I have a second file with a list of words (1 per line):

cat
feather

I want to change the final numeric value on those lines that contain a word in the second file to 0, so that my file result is:

@RELATION relationData

@ATTRIBUTE att0 STRING
@ATTRIBUTE att1 NUMERIC
@ATTRIBUTE att2 NUMERIC
@ATTRIBUTE att3 NUMERIC
....
@ATTRIBUTE att200 NUMERIC

@ATTRIBUTE class {1,0}

@DATA
hall,1,2,3,...,201,0
cat,1,2,3,...,201,0
dog,1,2,3,...,201,1
feather,1,2,3,...,201,0

Is this possible to do with

awk

? Any suggestions of how to tackle this problem?

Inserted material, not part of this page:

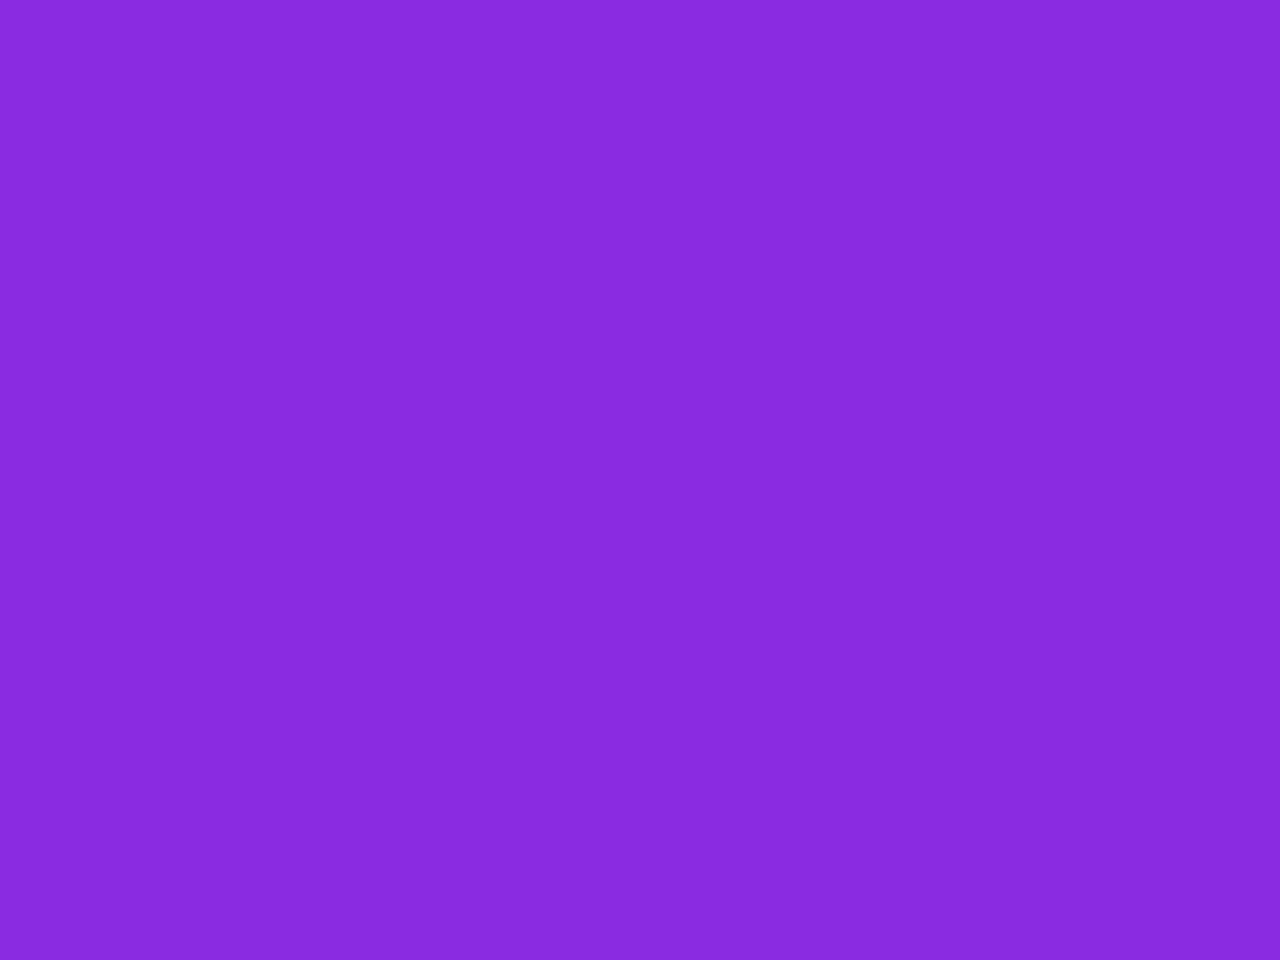 1280x960 Blue-violet Solid Color Background
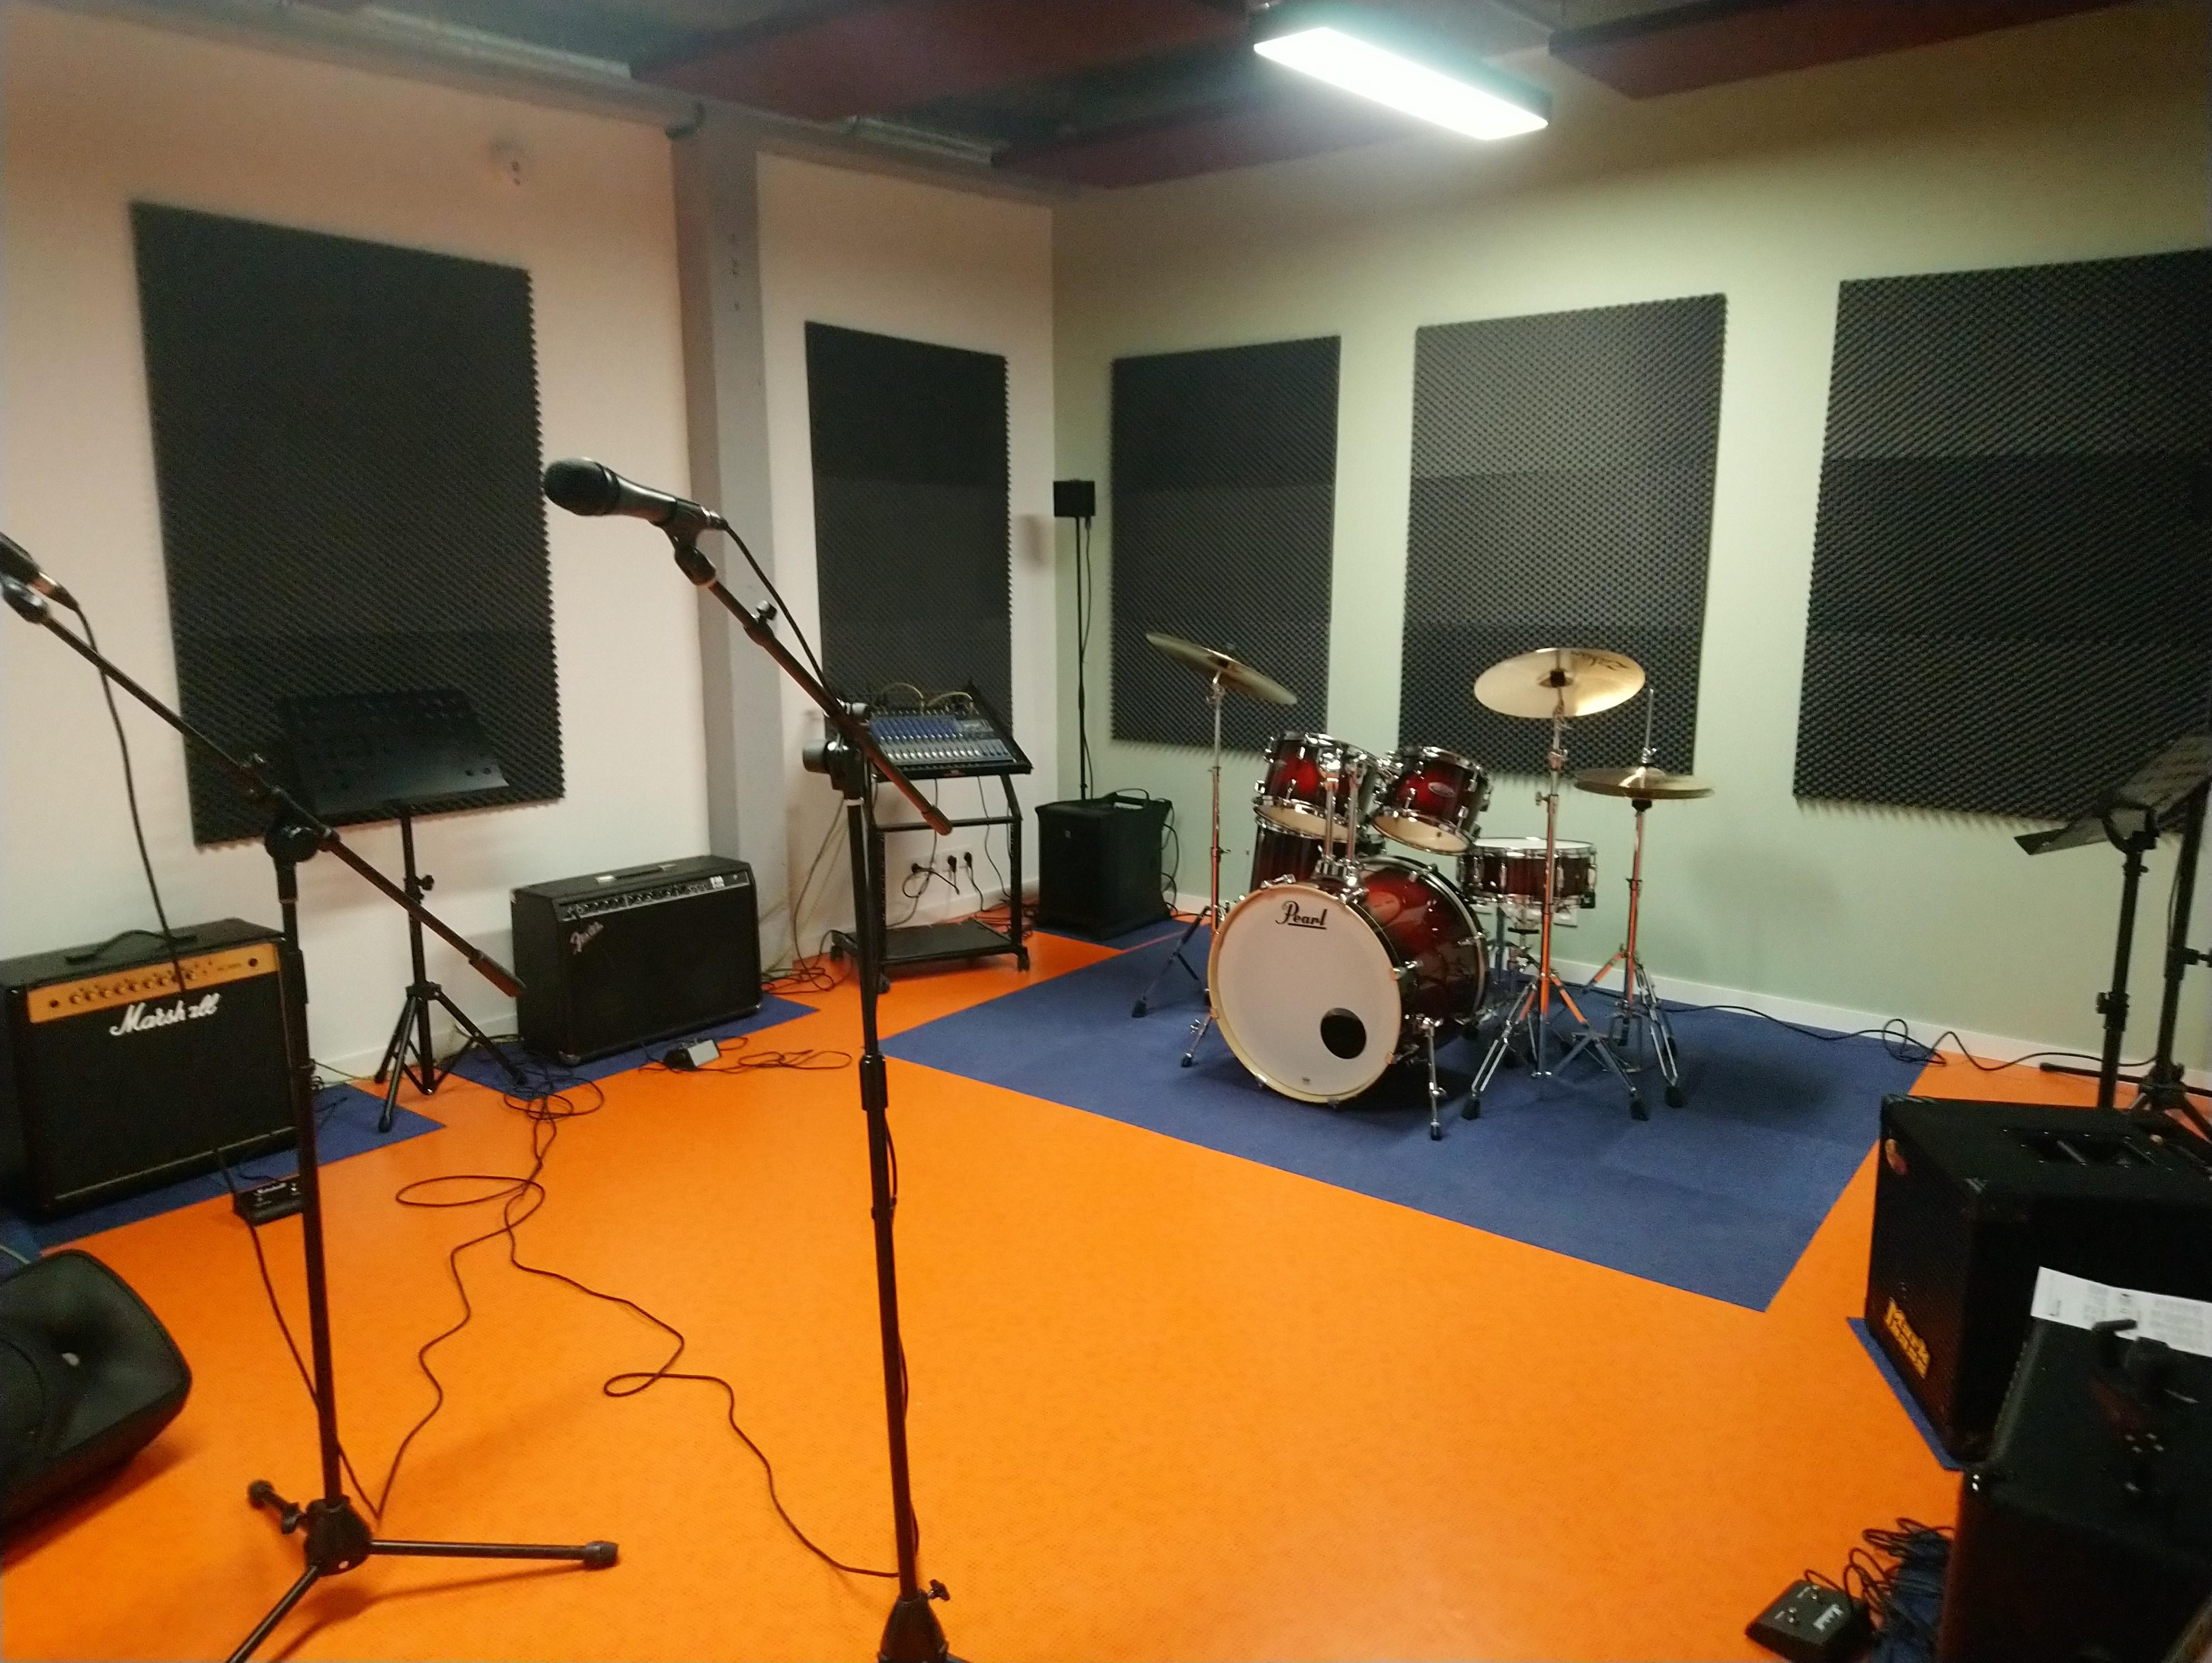 Location Studio Vert (24m²) - 1h

Perhaps something like this:

awk -v ip1="$INPUT1" -v ip2="$INPUT2" '{gsub( /String1/, ip1);gsub( /String2/, ip2);print}' file

which I found HERE can be modified?

Akshay_Hegde · October 16, 2014, 7:19am

words to search

[akshay@nio tmp]$ cat word 
cat
feather

Data file

[akshay@nio tmp]$ cat myfile 
@RELATION relationData

@ATTRIBUTE att0 STRING
@ATTRIBUTE att1 NUMERIC
@ATTRIBUTE att2 NUMERIC
@ATTRIBUTE att3 NUMERIC
....
@ATTRIBUTE att200 NUMERIC

@ATTRIBUTE class {1,0}

@DATA
hall,1,2,3,...,201,0
cat,1,2,3,...,201,1
dog,1,2,3,...,201,1
feather,1,2,3,...,201,1

Code executed

[akshay@nio tmp]$ awk 'FNR==NR{A[$1];next}($1 in A){$NF=0}1' word FS=',' OFS=',' myfile

Output

@RELATION relationData

@ATTRIBUTE att0 STRING
@ATTRIBUTE att1 NUMERIC
@ATTRIBUTE att2 NUMERIC
@ATTRIBUTE att3 NUMERIC
....
@ATTRIBUTE att200 NUMERIC

@ATTRIBUTE class {1,0}

@DATA
hall,1,2,3,...,201,0
cat,1,2,3,... 201,0
dog,1,2,3,...,201,1
feather,1,2,3,... 201,0

owwow14 · October 16, 2014, 9:18am

Thank you Akshay, However, there are 2 input files.
Is there a specific order I should put the

List file

and the

Data file

?

Akshay_Hegde · October 16, 2014, 9:46am

Yes .

RavinderSingh13 · October 16, 2014, 9:49am

Hello owwow14,

Following may help you in same. Using Akshay's approach but changing the file names to be more understandable format.

awk 'FNR==NR{A[$1];next}($1 in A){$NF=0}1' list FS=',' OFS=',' data

EDIT: yes order of files matters here, as condition FNR==NR will be true only when first file is getting read.

Thanks,
R. Singh